I hope it was better than the food you get in economy on a plane - unless you buy it, there is none on domestic flights in economy!





I was quite satisfied with the food in Acela First! The free unlimited booze probably helped some!





Although faster (or maybe because of it), I find Acela can be rougher than a Regional. That being said, if they were near or at the same price, I would chose Acela. Especially if I had an upgrade coupon, and especially on the NYP-BOS segment.


----------



## Acela150 (Jan 14, 2018)

I've found many of the meals quite delicious. One of my favorites was a Rosemary Chicken. I was lucky to have that multiple times.
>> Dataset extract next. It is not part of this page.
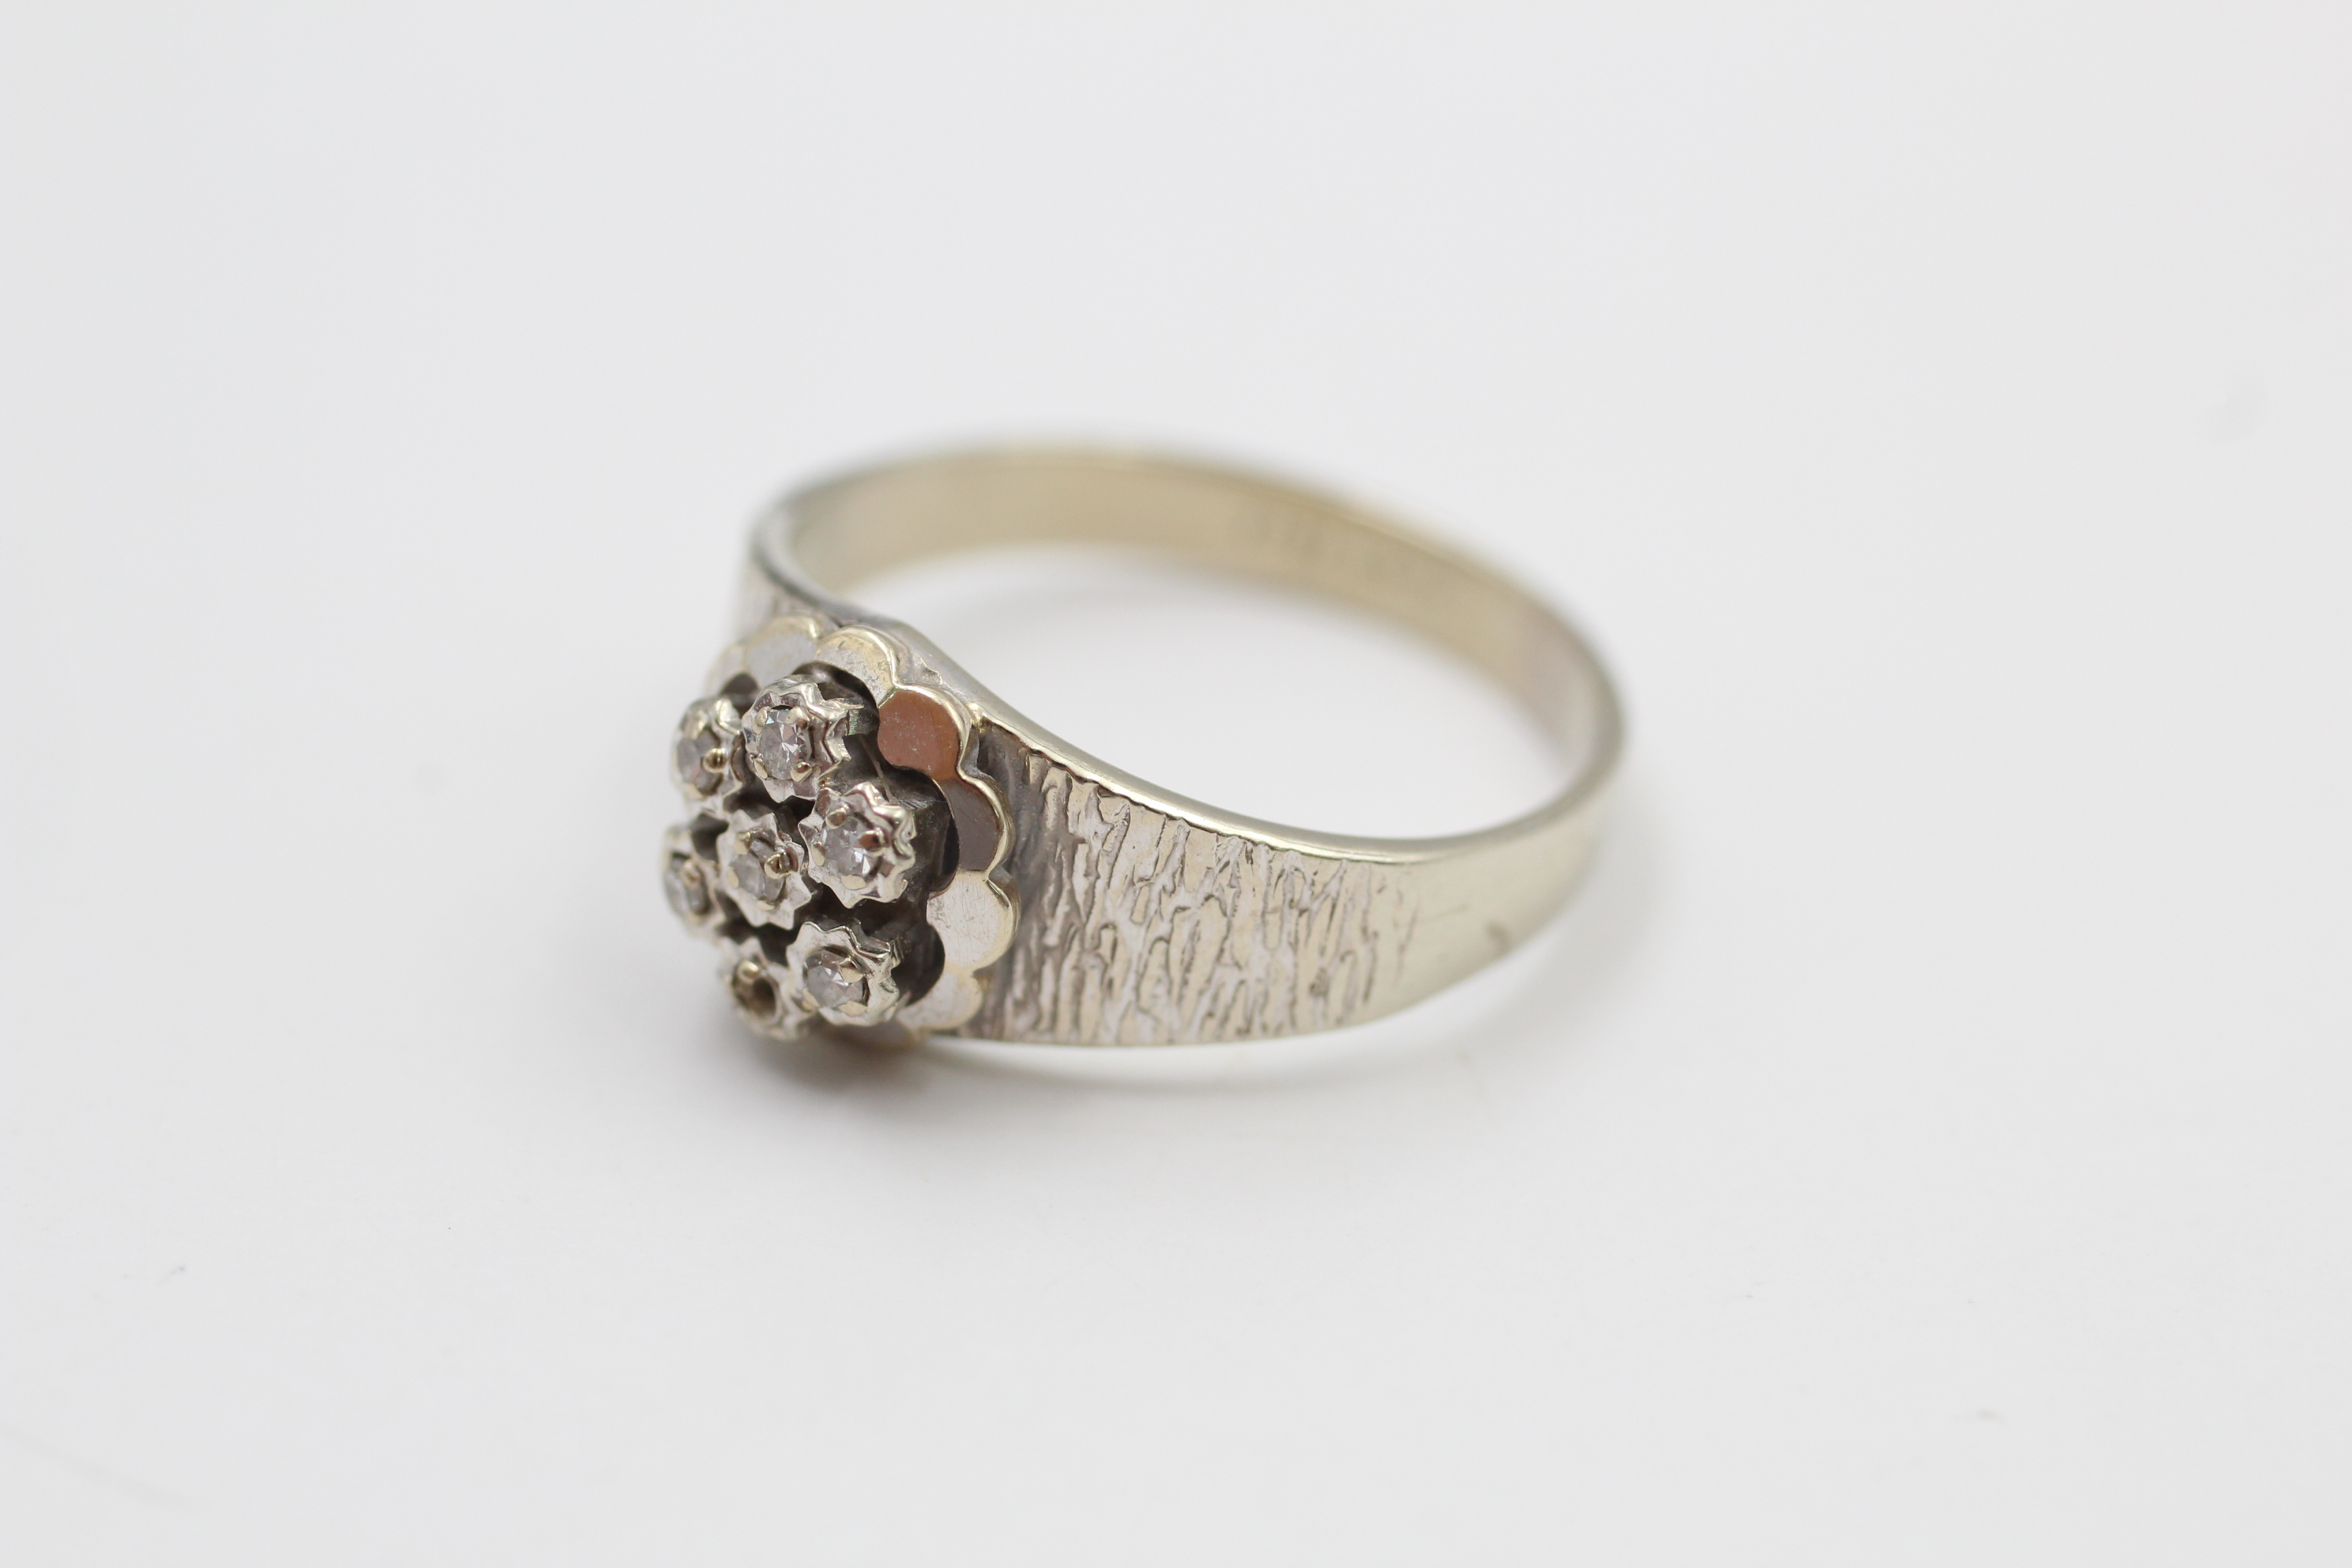 18ct white gold diamond cluster textured shoulder ring ( as seen) (3.7g) - Image 2 of 4

Last winter they had a Flat Iron steak, mashed potatoes, and Brussel Sprouts (YUCK) served with a merlot wine sauce on the side. I poured the merlot sauce over my steak and potatoes and it was delicious. My absolute favorite was a stuffed French toast. Oh my... Next level Acela FC Breakfast.


----------



## EchoSierra (Jan 14, 2018)

daybeers said:


> EchoSierra said:
> 
> 
> > I just got off Acela 2253, BOS-WAS. Food quality is OK. Better than food in economy class on an airline, a step below the food in first class on an airline. I was served two meals on the train; first one after departing PVD, and the second one departing NWK. They try to pass off their cooking method as something fancy "Our sous vide method locks in the flavor" (or something like that) which is a fancy term for food that's been vacuum sealed in a plastic bag and boiled in a pot of water heated by a curling iron. (I'm serious, Google it!)
> ...


Ride quality was ever so slightly smoother than the regional (I think the Acela cars have better suspension), but not by much.

The service was a bit cold. By that, I mean it wasn't friendly, but it also wasn't rude. From reports that I've read, some service crews are attentive and will keep your glass filled at all times. With the service crew I had today, passengers had to flag them down for everything, although they were very quick to deliver anything that passengers asked for. The train was completely sold out today, so I bet they were a bit overwhelmed. Two attendants serving 44 people is a lot of work! (contrast that with airlines where a typical premium service narrow body flight can have up to 28 premium class seats, but served by three flight attendants)

I also found it interesting how the Acela does not restock at NYP like the Regionals do. Departing NYP first class ran out of orange juice for mimosas and screwdrivers.

Also, if people haven't mentioned already, tipping the service crew is a custom.


----------



## PRR 60 (Jan 15, 2018)

If yet another tipping discussion is desired (usually about every six months, more or less), let's start a new topic in the main forum. This one is for AGR and upgrade coupons and the benefits of the upgraded service.


----------



## AG1 (Jan 15, 2018)

PRR 60 said:


> If yet another tipping discussion is desired (usually about every six months, more or less), let's start a new topic in the main forum. This one is for AGR and upgrade coupons and the benefits of the upgraded service.


Bravo PRR 60! I am glad to see a moderator take action on the erroneous statement on tipping in the prior post.


----------



## Ryan (Jan 15, 2018)

If you truly wanted to honor his wishes, you would not have replied at all, since further discussion of the topic is not desired in this thread.

Doubly so since you’re wrong.


----------



## acelafan (Jan 15, 2018)

I've used the upgrade coupon a few times and never had an issue 12 hours before departure (boarding at WAS or BOS). I guess there's always a chance it could be sold out.

I thought the meal portions were a tad small but all the offerings were tasty to me. Hope you enjoy it!


----------